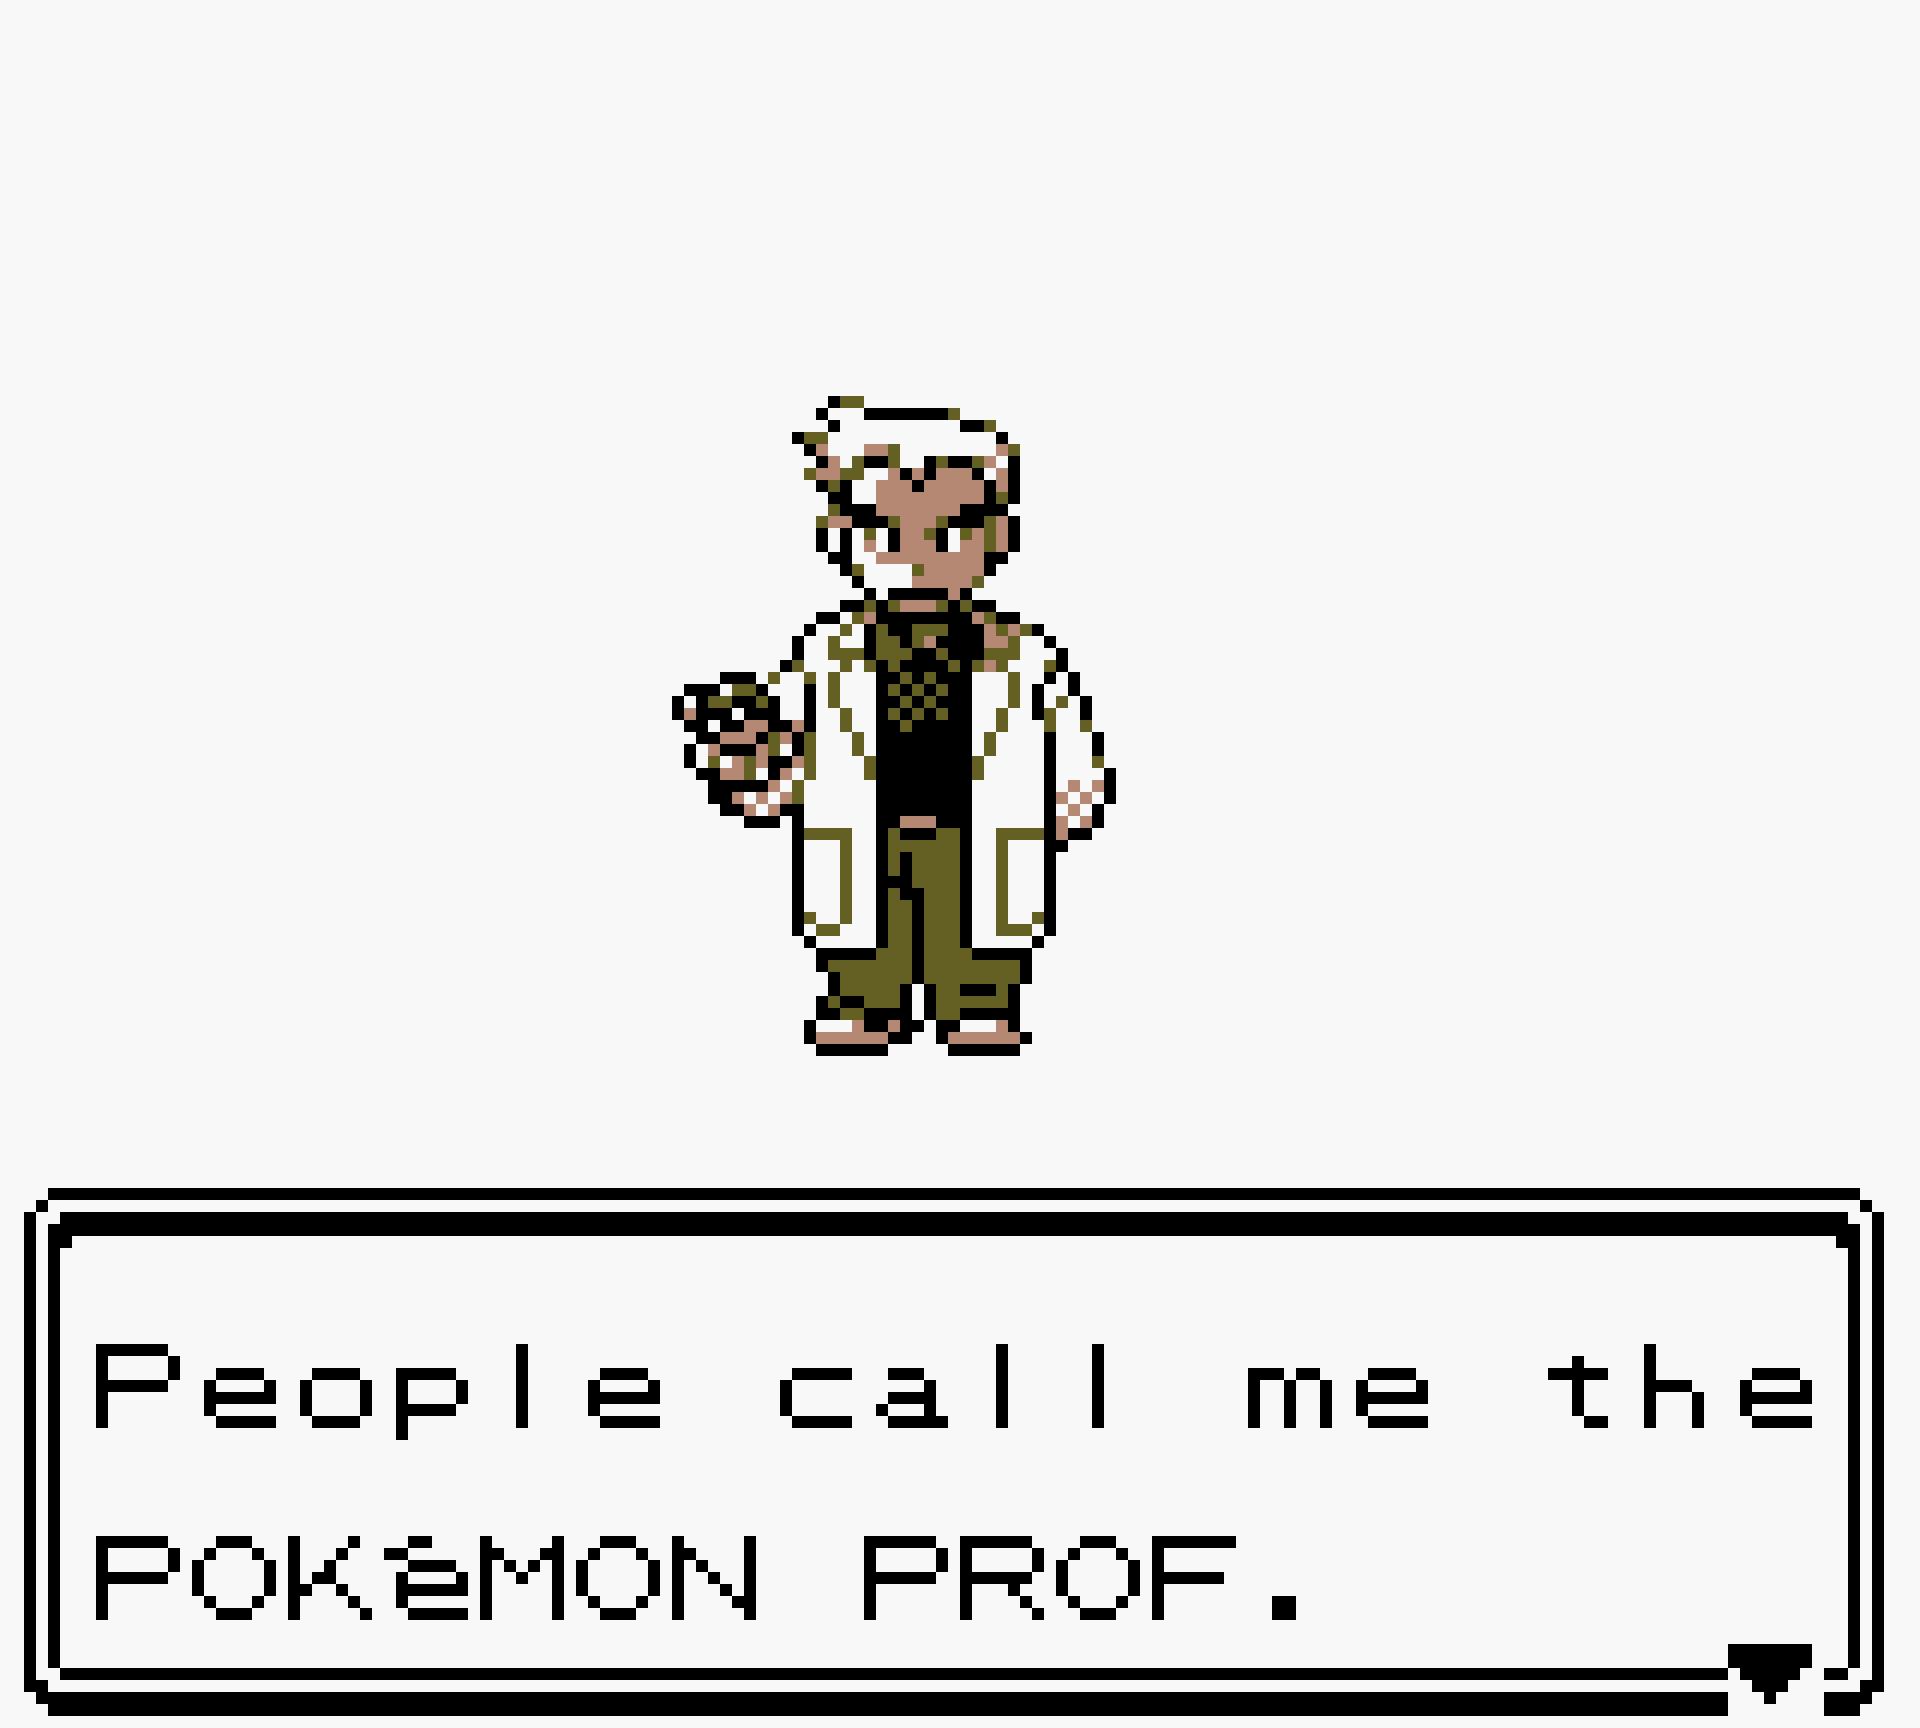 Pokemon_Crystal_Nuzlocke_2021-10-10_23.44.52.png
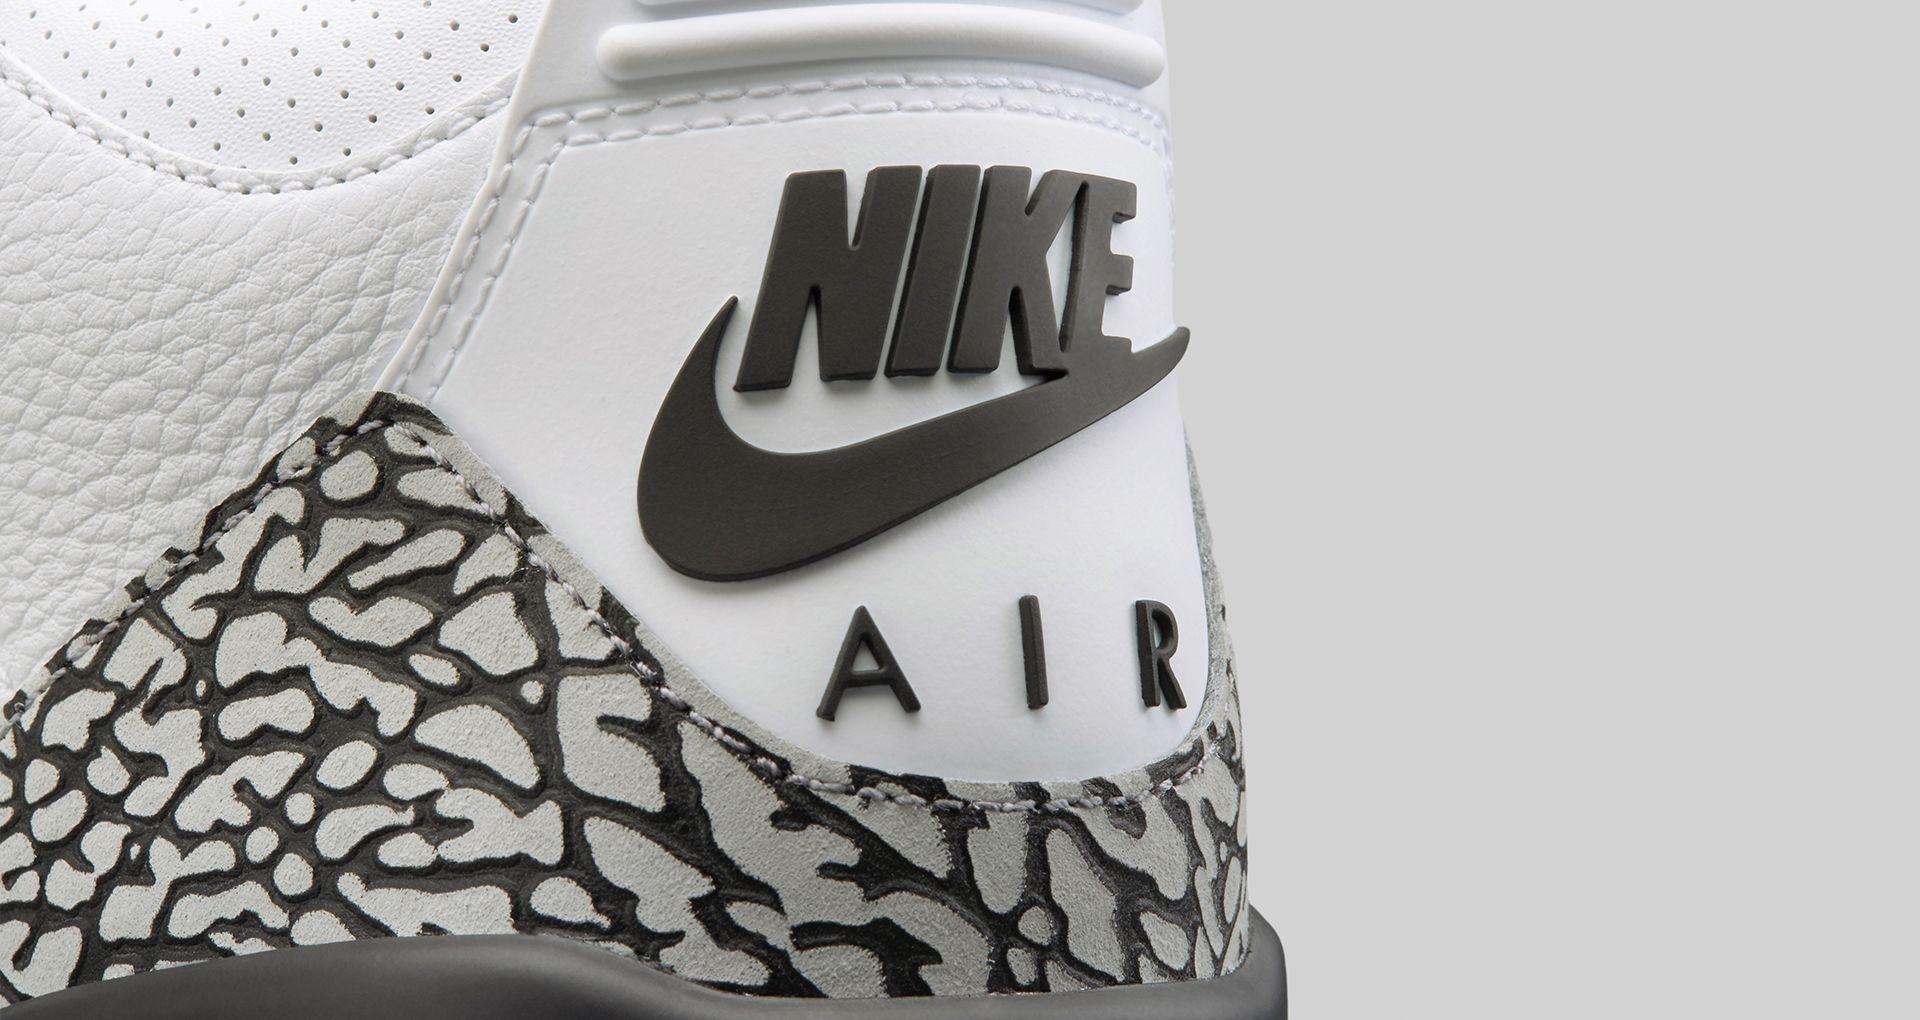 269c4b7a2bb8 Air Jordan 3  Free Throw Line  Release Date. Nike+ SNKRS
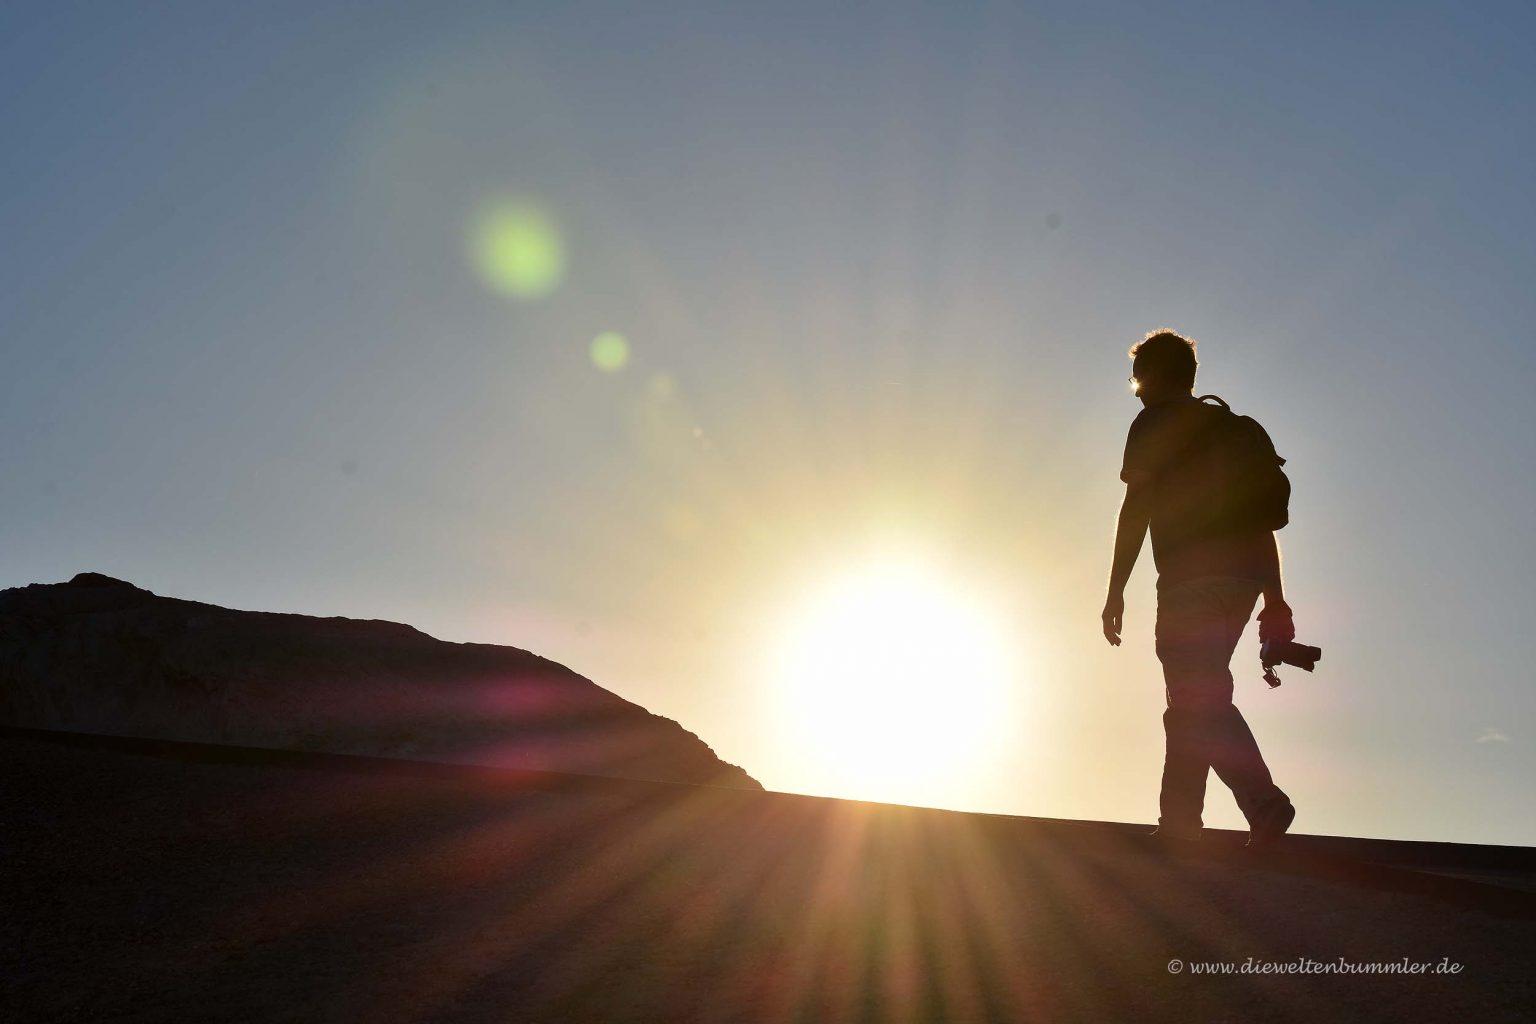 Wanderung im Sonnenuntergang

● What is needed:
Using the listing above, copy exactly the lines from the one that contains "269c4b7a2bb8 Air Jordan" through its last line, both included, but not the pictures.

● Task response:
 269c4b7a2bb8 Air Jordan 3  Free Throw Line  Release Date. Nike+ SNKRS
 Wanderung im Sonnenuntergang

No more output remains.